Try it → Set down, exactly as written, the lines from the line holding "Pasek z logo Spilna, UNICEF-u i Gdyni" to the end of the data, inclusive, skipping any pictures.

Start of Provided records

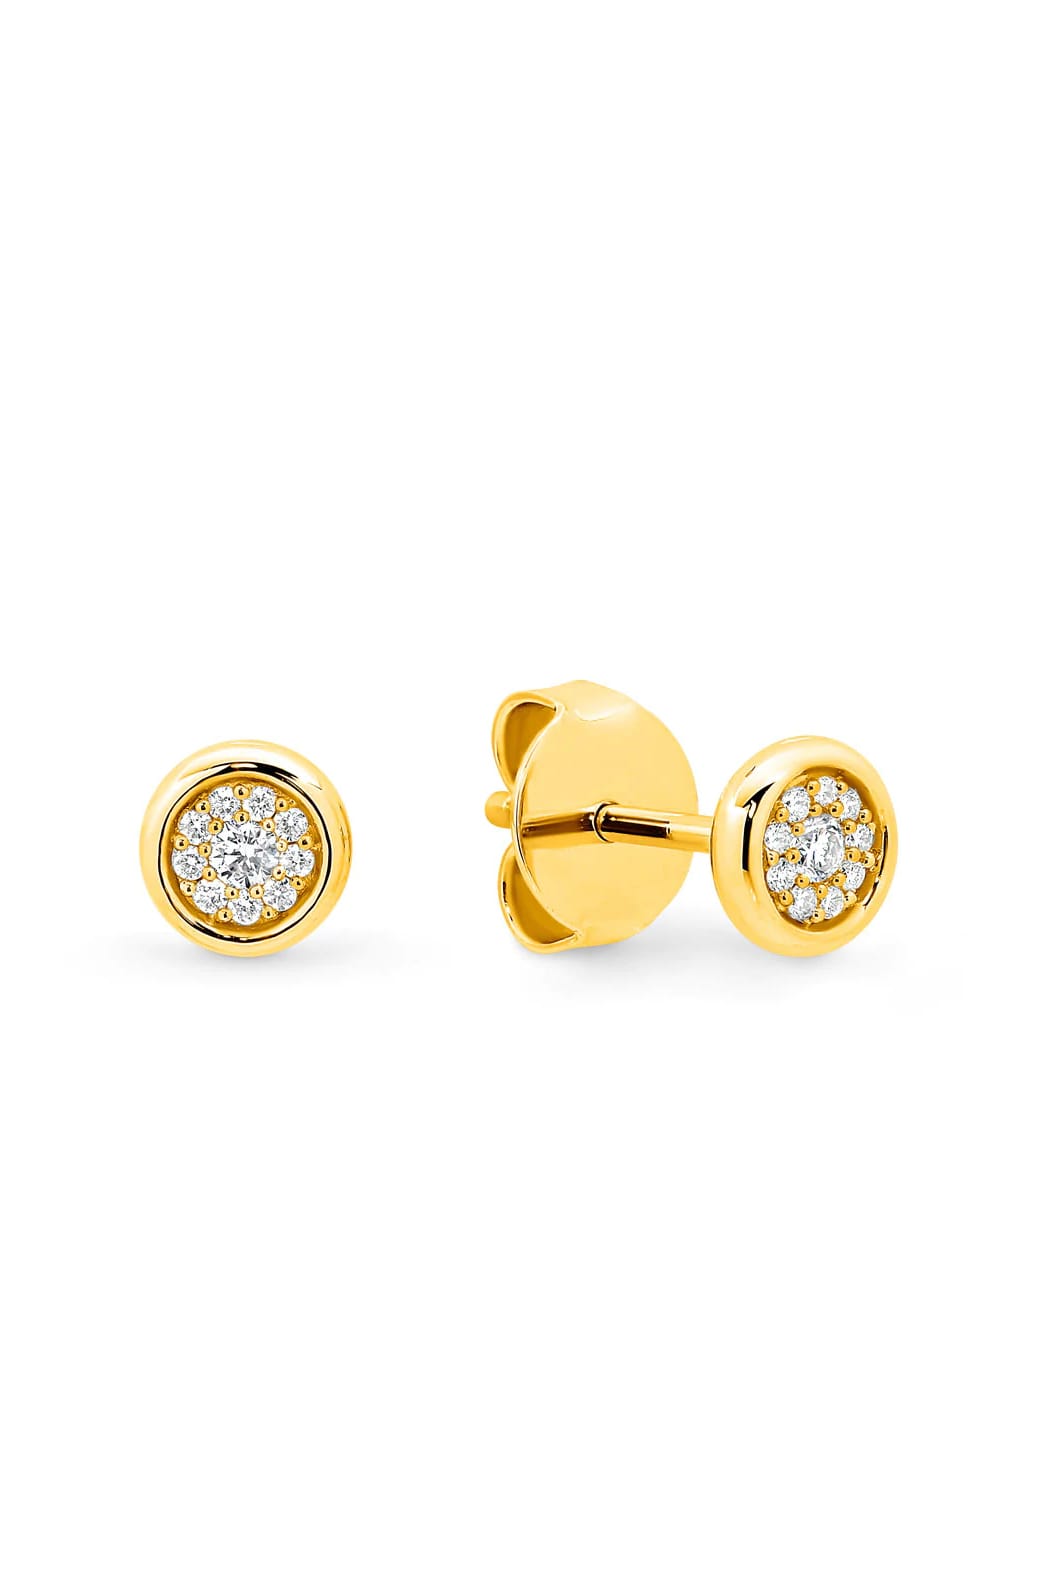 9 Carat Yellow Gold Circle Pave Diamond Stud Earrings LeGassick available at LeGassick Diamonds and Jewellery Gold Coast, Australia.
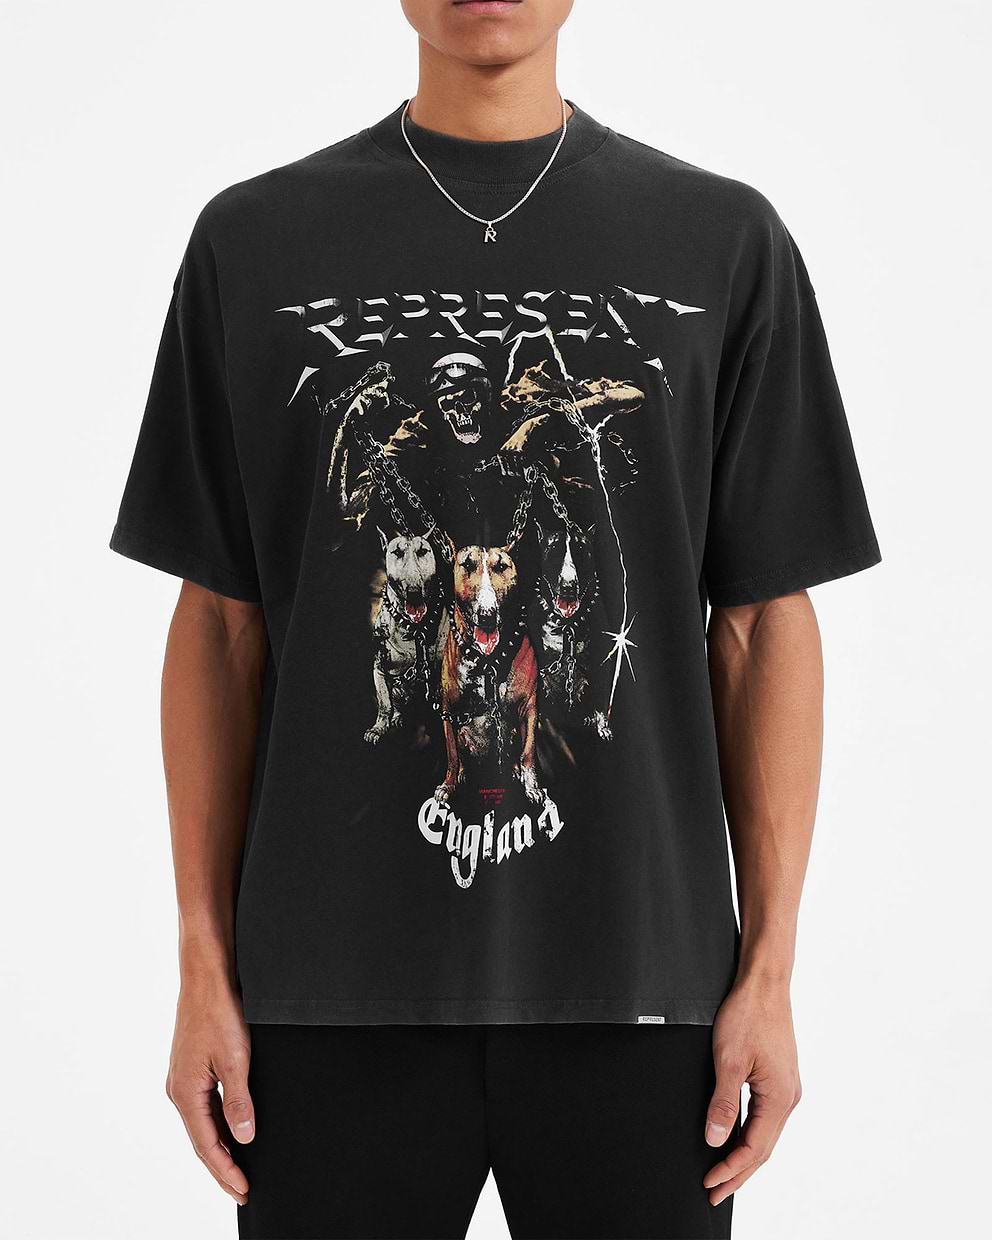 Terrier Tension T-shirt - Vintage Black
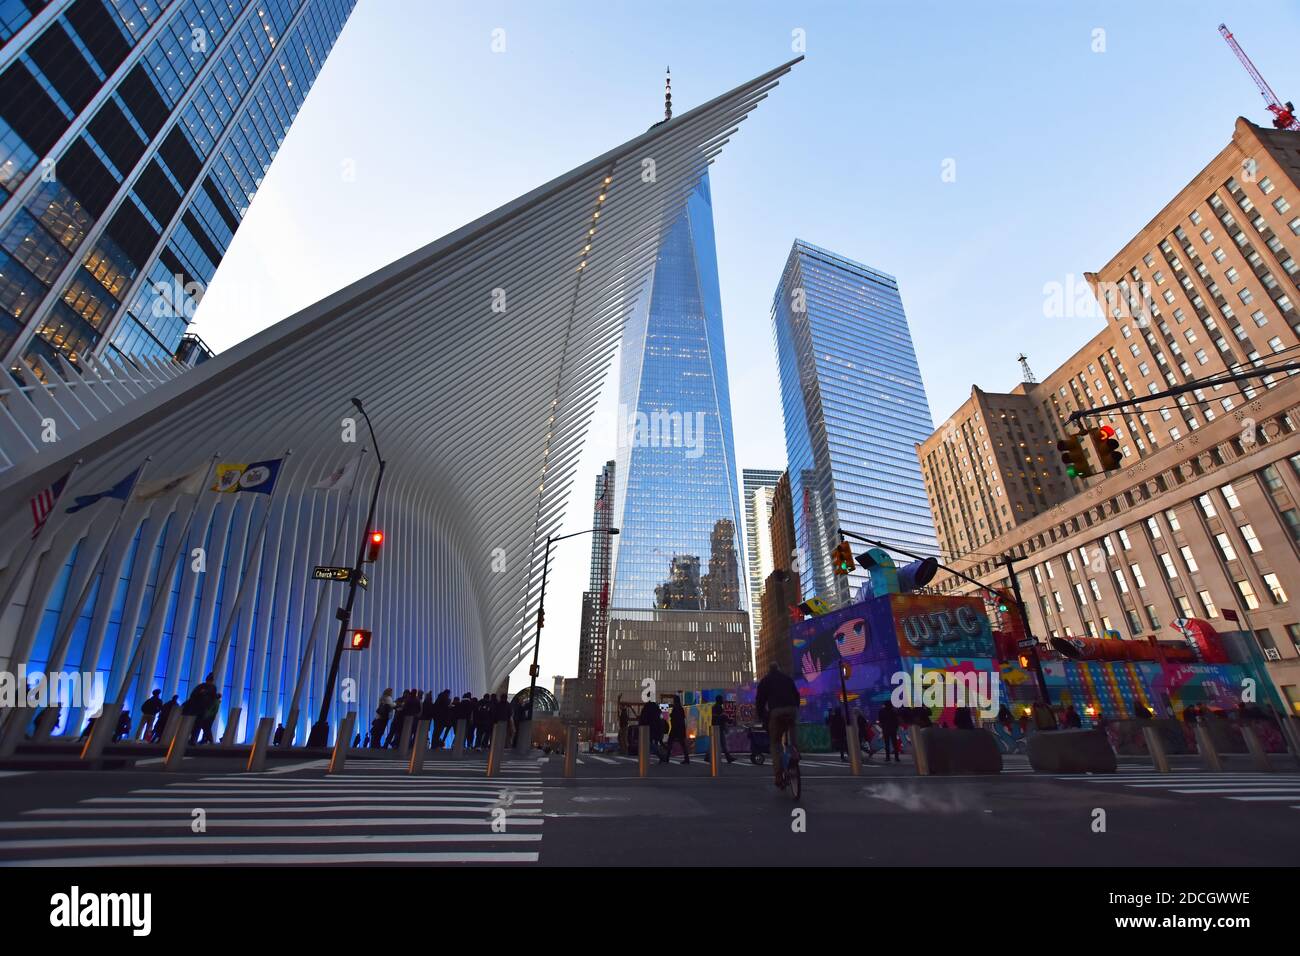 New York, USA - November 30, 2019. The Oculus, centerpiece of the World Trade Center Transportation Hub in Lower Manhattan, New York, United States Stock Photo
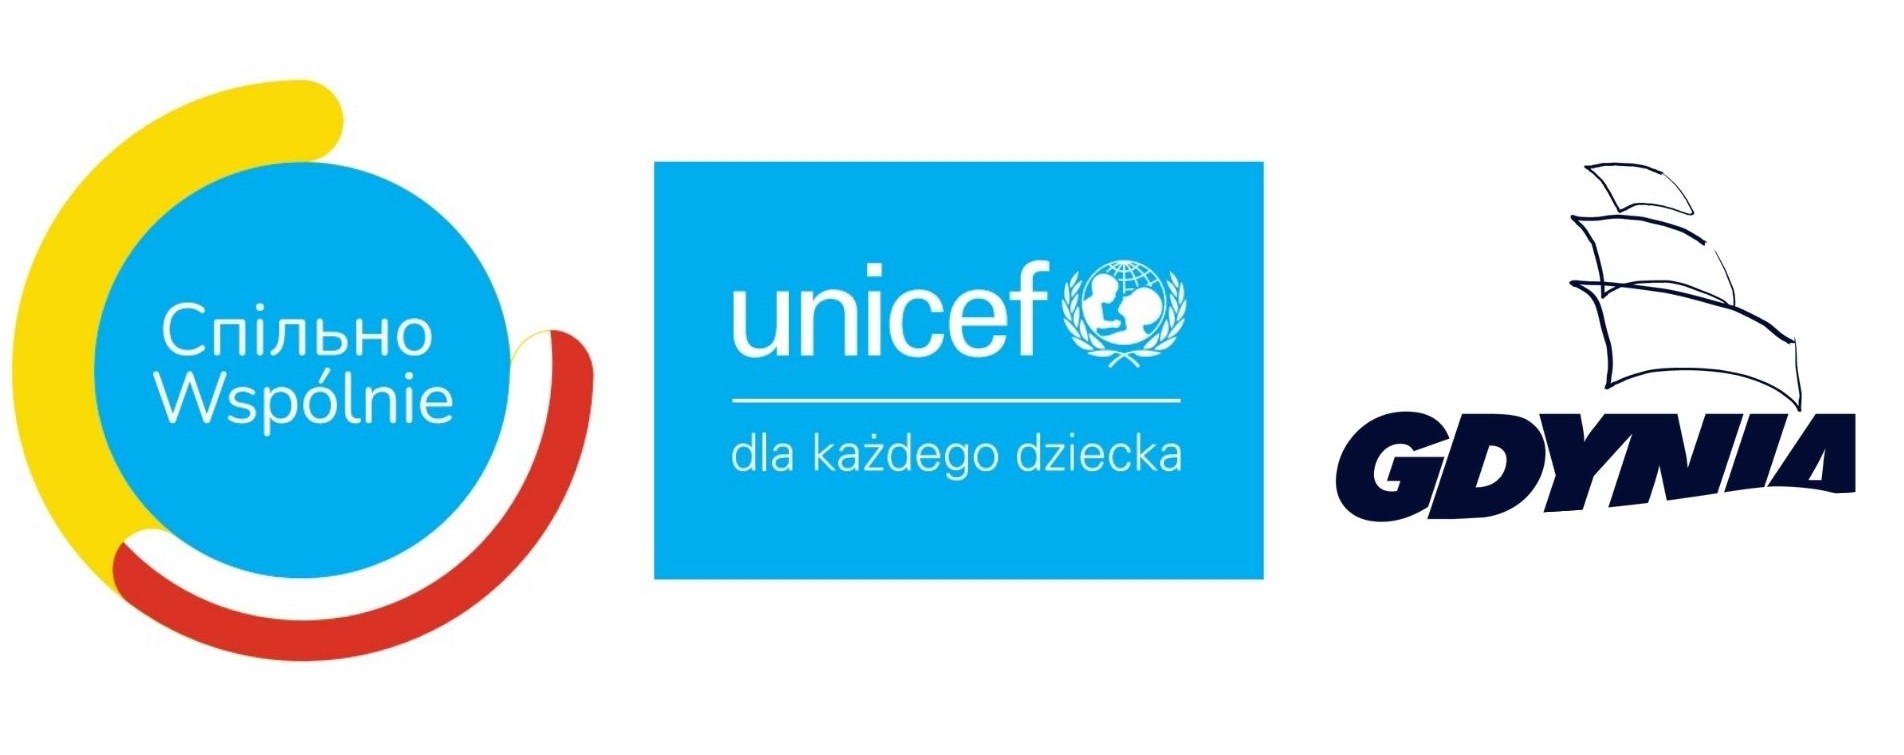 Pasek z logo Spilna, UNICEF-u i Gdyni
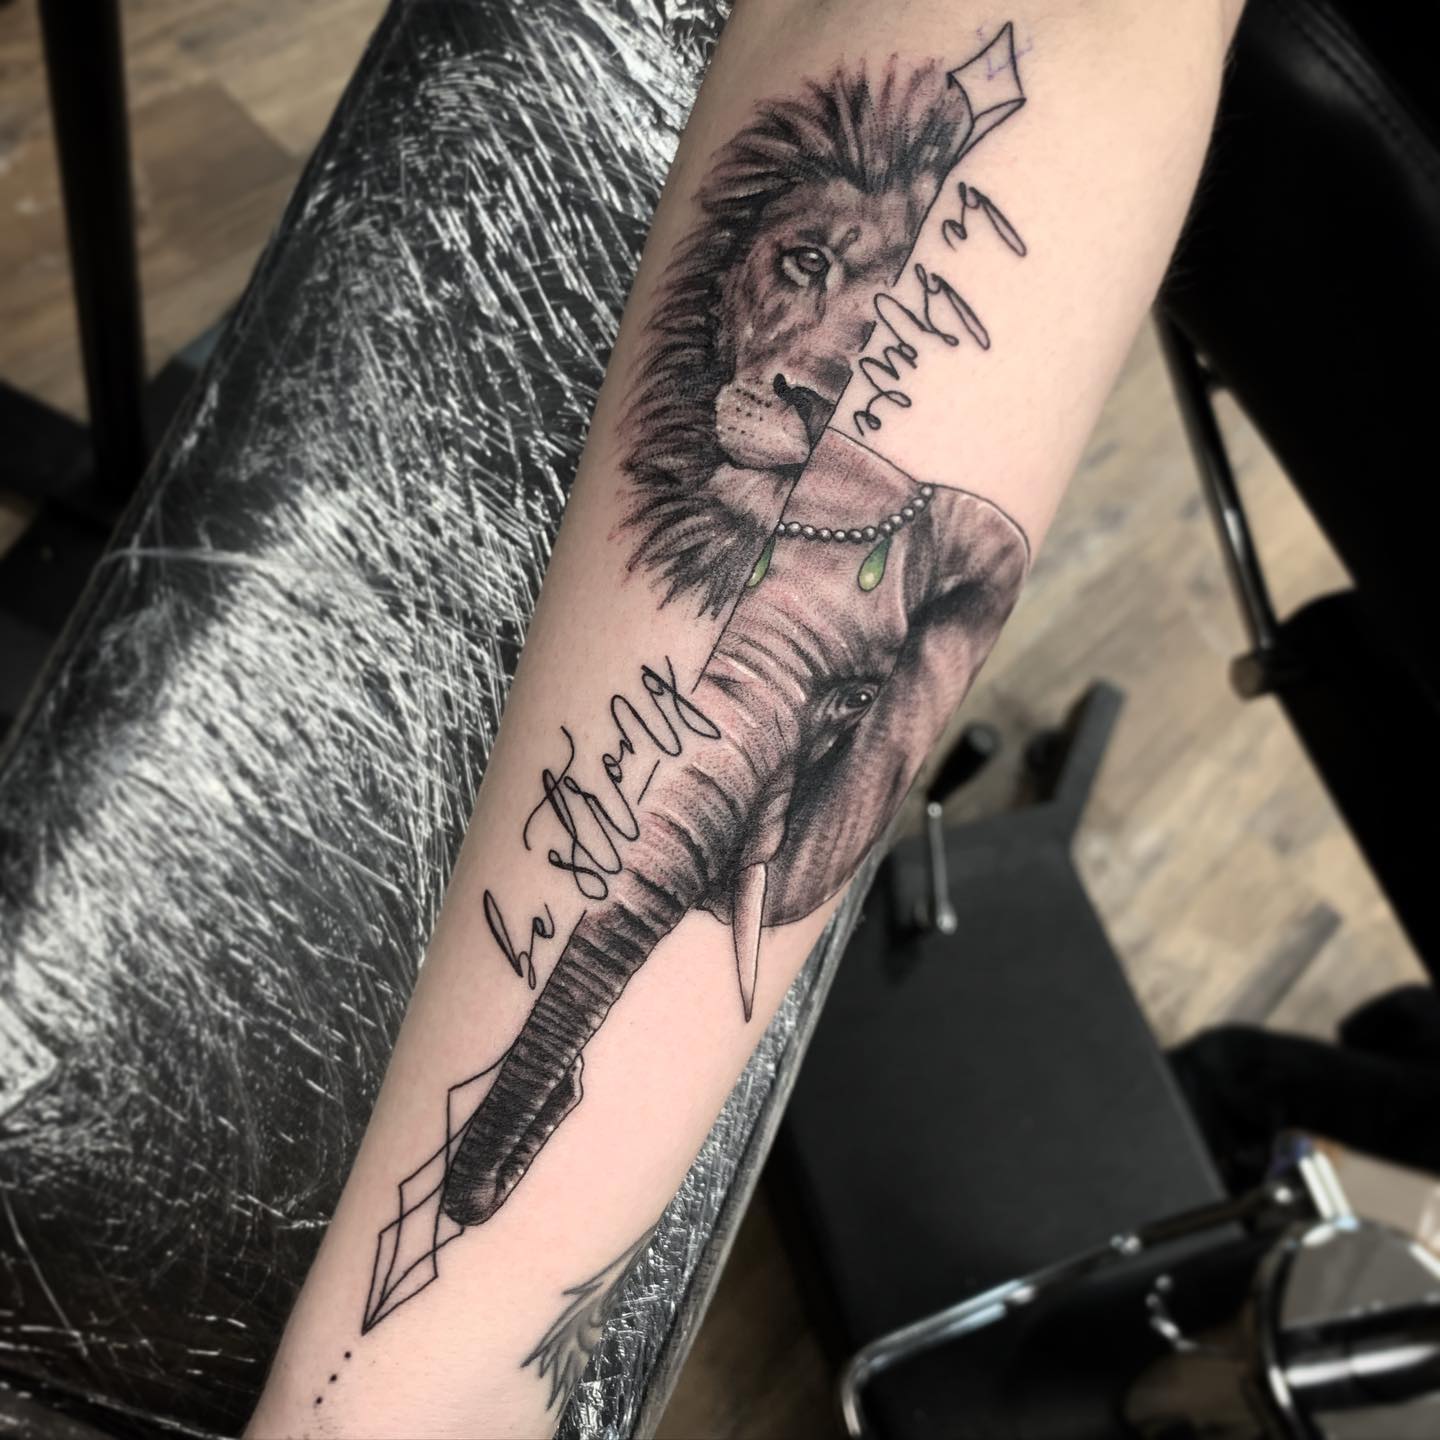 Tatuaje de Elefante y León

End of Provided records

Result for this exercise →
 Pasek z logo Spilna, UNICEF-u i Gdyni
 Tatuaje de Elefante y León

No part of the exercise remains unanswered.